OAS's 2013 budget was approved with budgeted operating expenditures of $100,000 and capital expenditures of $11,000. Accordingly, OAS received its first operating installment of $12,500 ($100,000 x 1/6 x 75%) on July 2, 2012. The capital funding amount was received a few days later. Subsequent operating payments, summarized by the junior, were as follows:
All funding for the 2011-12 year has been received. The junior noted that no funding was received before year end for the July 2, 2013, submission. He wrote the following note: "From examination of cancelled cheques, the reimbursement from the government should be part of the 2012-13 year.
Accordingly, I have posted an accrual for $10,500 as a receivable from the government." In June 2013, OAS received approval from the government for its 2013-14 budget, with planned operating expenditures of $110,000 and capital expenditures of $9,000. OAS received a payment of $9,167 for operating expenditures on June 30, 2013. The payment has been set up as deferred revenue on the June 30, 2013, balance sheet.
The government responded to the confirmation request from OAS with the following letter:
"We confirm operational funding from July 1, 2012, to June 30, 2013, in the amount of $83,917.
[Signed] Nathan Shu" The junior has been unable to reconcile this confirmation to the records of OAS.
1. Funding from the government has been confirmed. Other significant revenues have been vouched to deposit slips and bank statements.
2. Expenses have been tested by analytical review, comparing current year with prior year, with explanations sought for significant variances. Explanations for many of the variances consist of "one-time project in 2011-12; not repeated in 2012-13 year" or "one-time project in 2012-13; not done in 2012-13."
3. Bank confirmation has been sent to the bank.
4. There were no significant additions to capital assets. Three computers were sold to a school for use by children with disabilities.
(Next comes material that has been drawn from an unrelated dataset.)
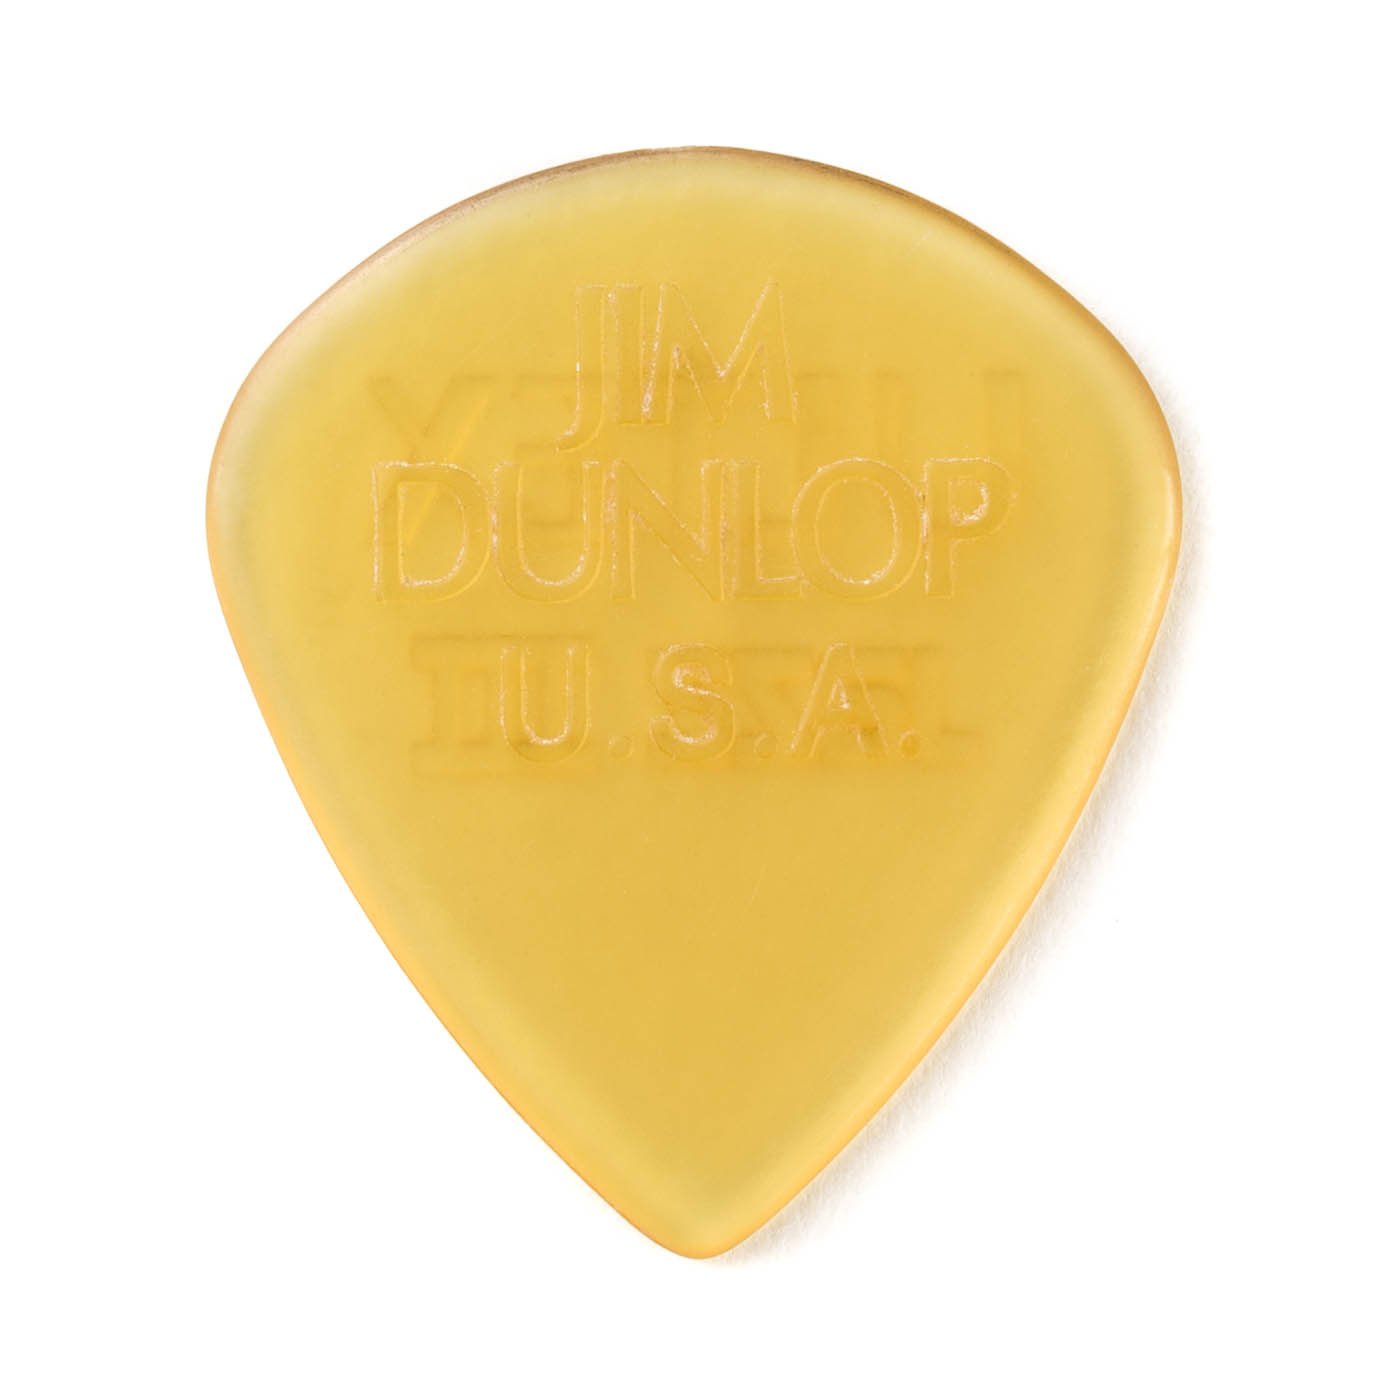 Dunlop Ultex Jazz III Guitar Pick

A gain of $3,500, an amount equal to the proceeds, has been recorded. The units were part of a donation to OAS of five computers made by a local company last year.
5. Accounts receivable, except for the $10,500 booked by the junior, were not considered significant. Inventory and prepaids were also not significant.
6. Accounts payable were tested by vouching to invoices. The junior performed a search for unrecorded liabilities by reviewing all invoices received after June 30. He found nothing significant.
7. The only other liability on the books of OAS is the deferred funding for the $9,167.
8. Planning in all other respects reflects a typical recurring audit engagement. Audit risk was assessed as low. A substantive audit approach has been used. There is no comment on internal controls in the file.
9. No work has been done on the capital funding received by OAS.
In prior years, OAS had very few projects funded by corporate and non-profit sponsors. Each sponsor received a schedule pre pared by Cathy of revenues and expenses for the project. Expenses on the schedule include an amount for overhead administration (mostly salaries and office rent). Your firm did not comment on the schedules, although Cathy informed you that she attached a copy of the review engagement report to the schedules when sending them to sponsors.
Cathy sets up a receivable for additional funding when a project does not break even. OAS has successfully solicited additional funding from sponsors for about half of the projects for which a receivable was set up. The receivables from prior years still remaining on the books total about $7,500. In the 2012-13 year, OAS continued to pursue corporate sponsorships in an effort to be more self-sufficient. Five out of eight new projects did not break even for a total of $6,900, and a receivable was set up.
OAS's financial statements do not distinguish between operating and capital funding. However, when she has time, Cathy updates a listing that tracks capital funding and expenditures.
OAS had total operating revenues for 2012-13, before adjustments made by the junior, of $140,000.